In general, we use the following notation for probability of an event $A$:
$$ P(A) $$
Interpretation of Probability
- Frequentist interpretation: The probability of an event is the limit of the relative frequency of the event as the number of trials goes to infinity.
- Bayesian interpretation: The probability of an event is the degree of belief.
Random Variable
Let $X$ be a random variable.
Probability of $X$ taking a value $x$ is denoted by:
$$ P(X = x) $$
Probability Distribution
Let $X$ be a random variable.
A probability distribution is a function that maps each value of $X$ to its probability.
In inferential statistics, we assume a certain probability distribution for the population. Then the samples become random variables that follow the same probability distribution.
Discrete Probability Distribution
The probability distribution of a discrete random variable $X$, is essentially the probability of each value of $X$.
Probability Mass Function
The probability mass function (PMF) of a discrete variable $X$ is denoted by:
$$ p_{X}(x) $$
This function maps each value of $X$ to its exact probability.
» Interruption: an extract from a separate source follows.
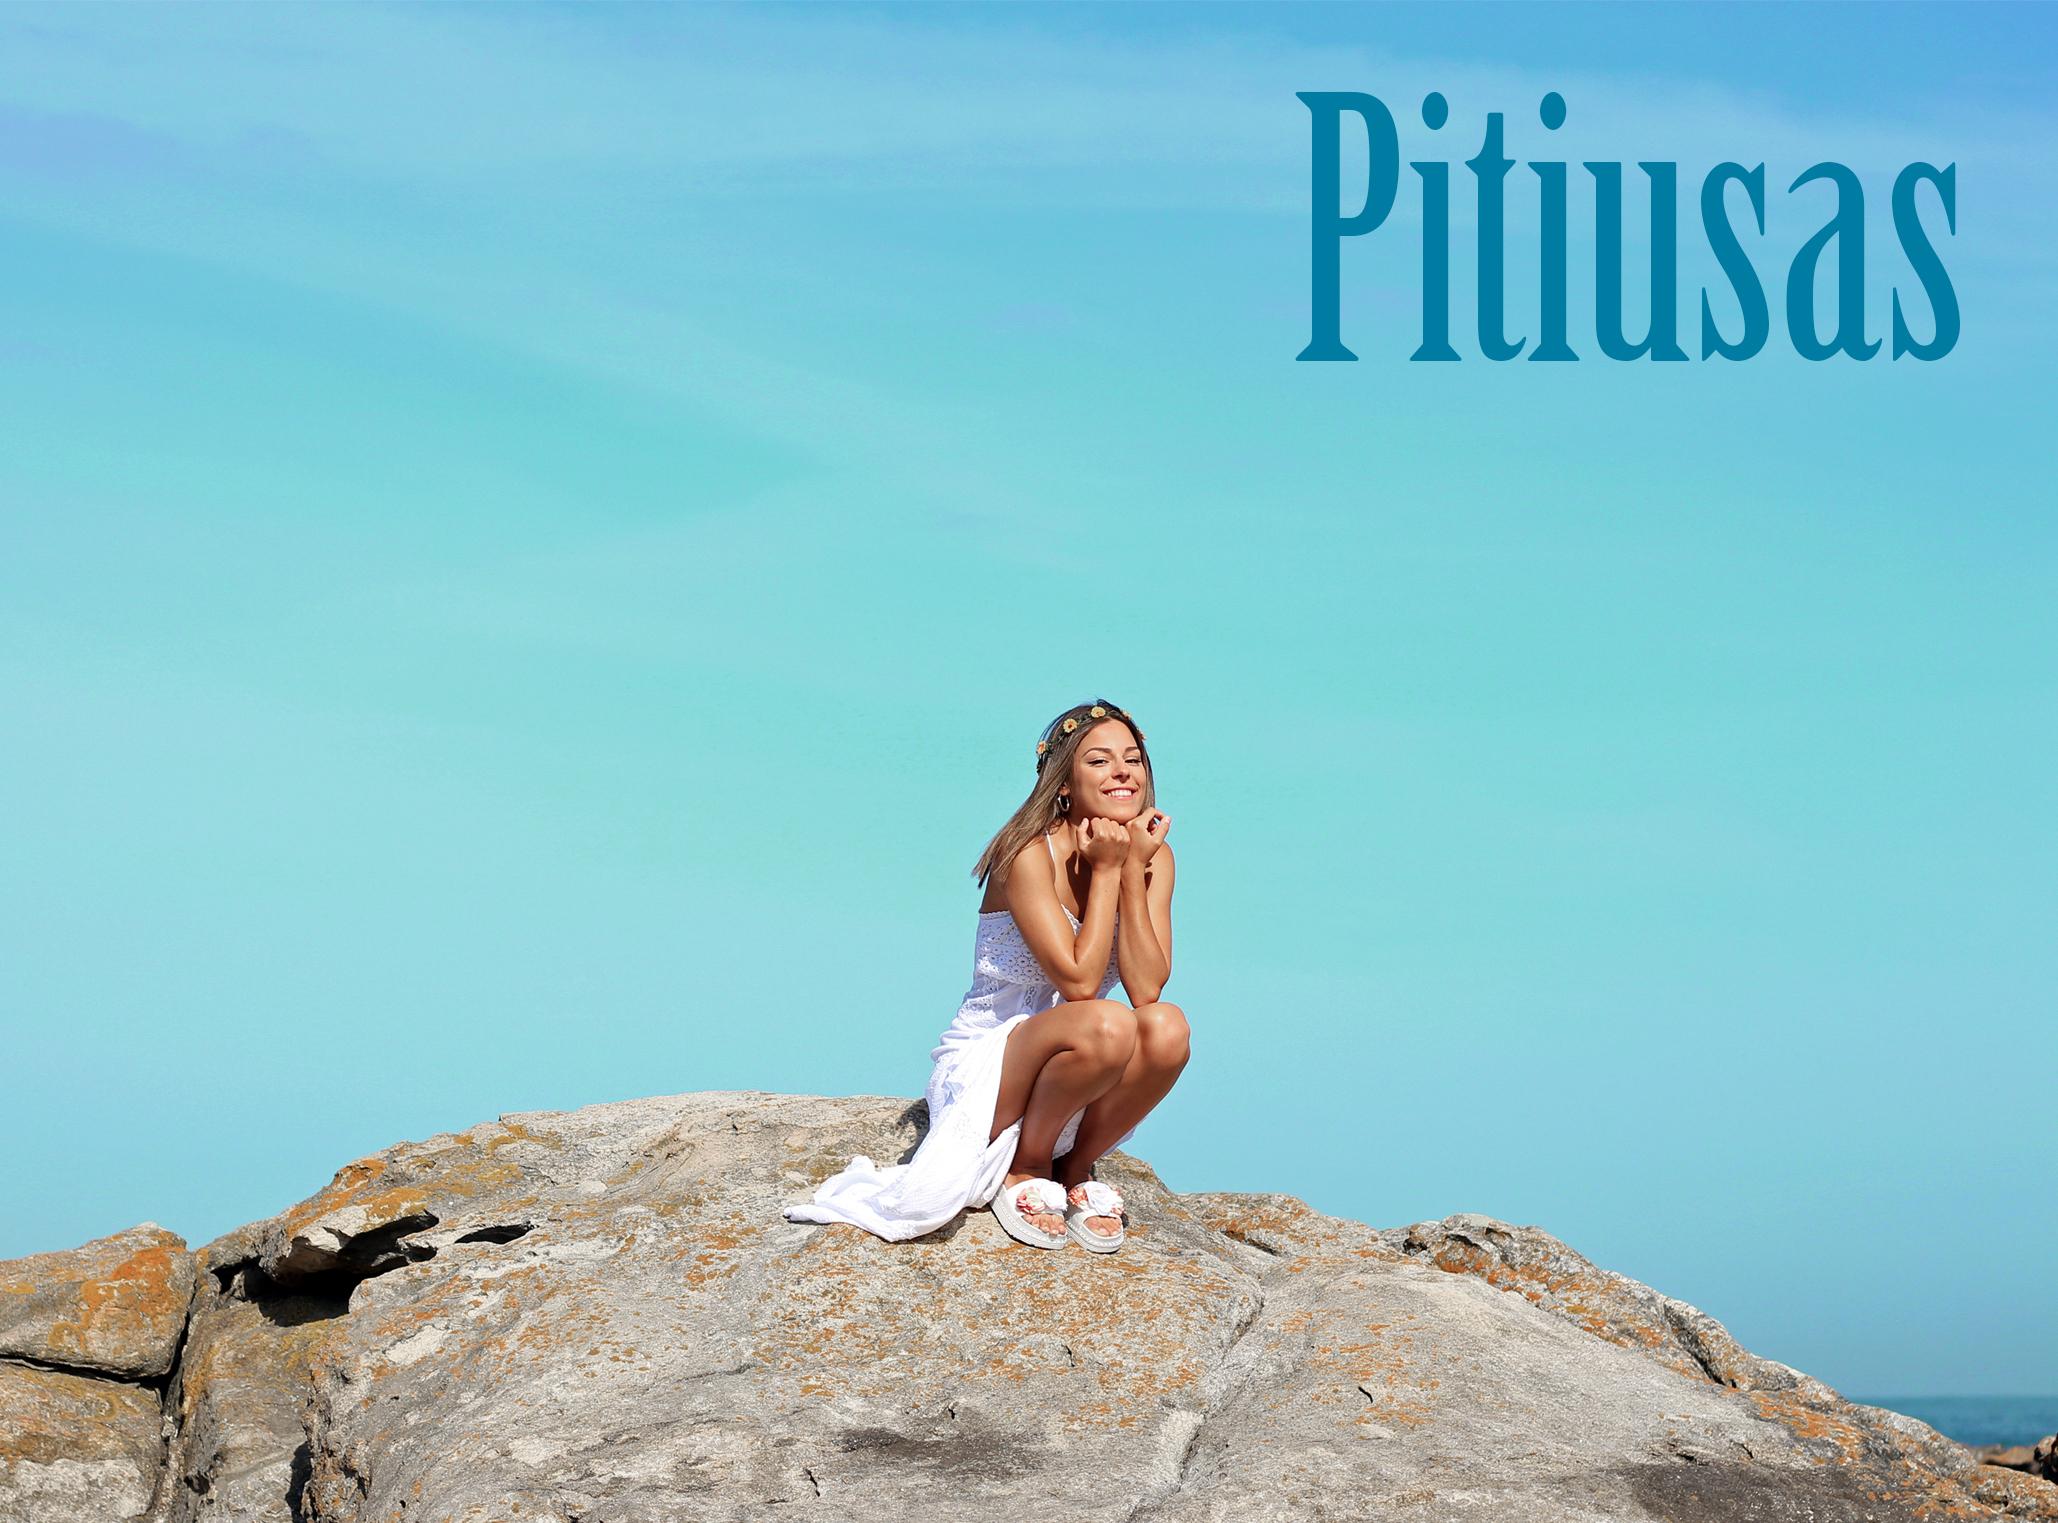 PITIUSAS

For discrete random variables, the PMF is the probability distribution.
$$ P(X = x) = p_{X}(x) $$
Continuous Probability Distribution
The probability distribution of a continuous random variable $X$, is the area under the curve of the probability density function (PDF) of $X$ for a given interval.
Probability Density Function
The probability density function (PDF) of a continuous variable $X$ is denoted by
$$ f_{X}(x) $$
The absolute probability of $X$ taking a specific value is zero, since there are infinitely many values that $X$ can take.
Therefore, the PDF of $X$ is not an absolute probability, but a relative probability per unit range.
Let $f_{X}(x)$ be the PDF of $X$. Then the probability that $X$ takes a value in the interval $[a, b]$ is:
$$ P(a \leq X \leq b) = \int_{a}^{b} f_{X}(x) dx $$
Cumulative Distribution Function
The cumulative distribution function (CDF) of a random variable $X$ is a non-decreasing function denoted by:
$$ F_{X}(x) = P(X \leq x) $$
CDF contains all the information about the probability distribution of $X$.
Therefore, for two random variables $X$ and $Y$, if their CDFs are the same, i.e.:
\[F_{X}(x) = F_{Y}(x) \quad \forall x \in \mathbb{R}\]then $X$ and $Y$ have the same probability distribution.
Properties of CDF
- $P(X = x) = F_{X}(x) - F_{X}(x^{-})$ where $x^{-}$ is the largest value less than $x$ (left-limit)
- $P(a < X \leq b) = F_{X}(b) - F_{X}(a)$
- $P(X > x) = 1 - F_{X}(x)$
Quantile Function
Let $X$ be a random variable with CDF $F_{X}(x)$.
The quantile function or inverse CDF of $X$ is:
$$ F_{X}^{-1}(q) = \inf \{ x : F_{X}(x) > q \} $$
where $q \in [0, 1]$.
Expected Value
The expected value of a quantitative random variable $X$ is denoted by:
$$ E(X) $$
It is a weighted average of the values of $X$, where the weights are the probabilities of each value.
Expected Value of Discrete Random Variable
Let $X$ be a discrete random variable. Then:
$$ E(X) = \sum_{x} x \cdot p_{X}(x) $$
Expected Value of Continuous Random Variable
Let $X$ be a continuous random variable. Then:
$$ E(X) = \int x \cdot f_{X}(x) dx $$
The range of the integral is the entire range of $X$.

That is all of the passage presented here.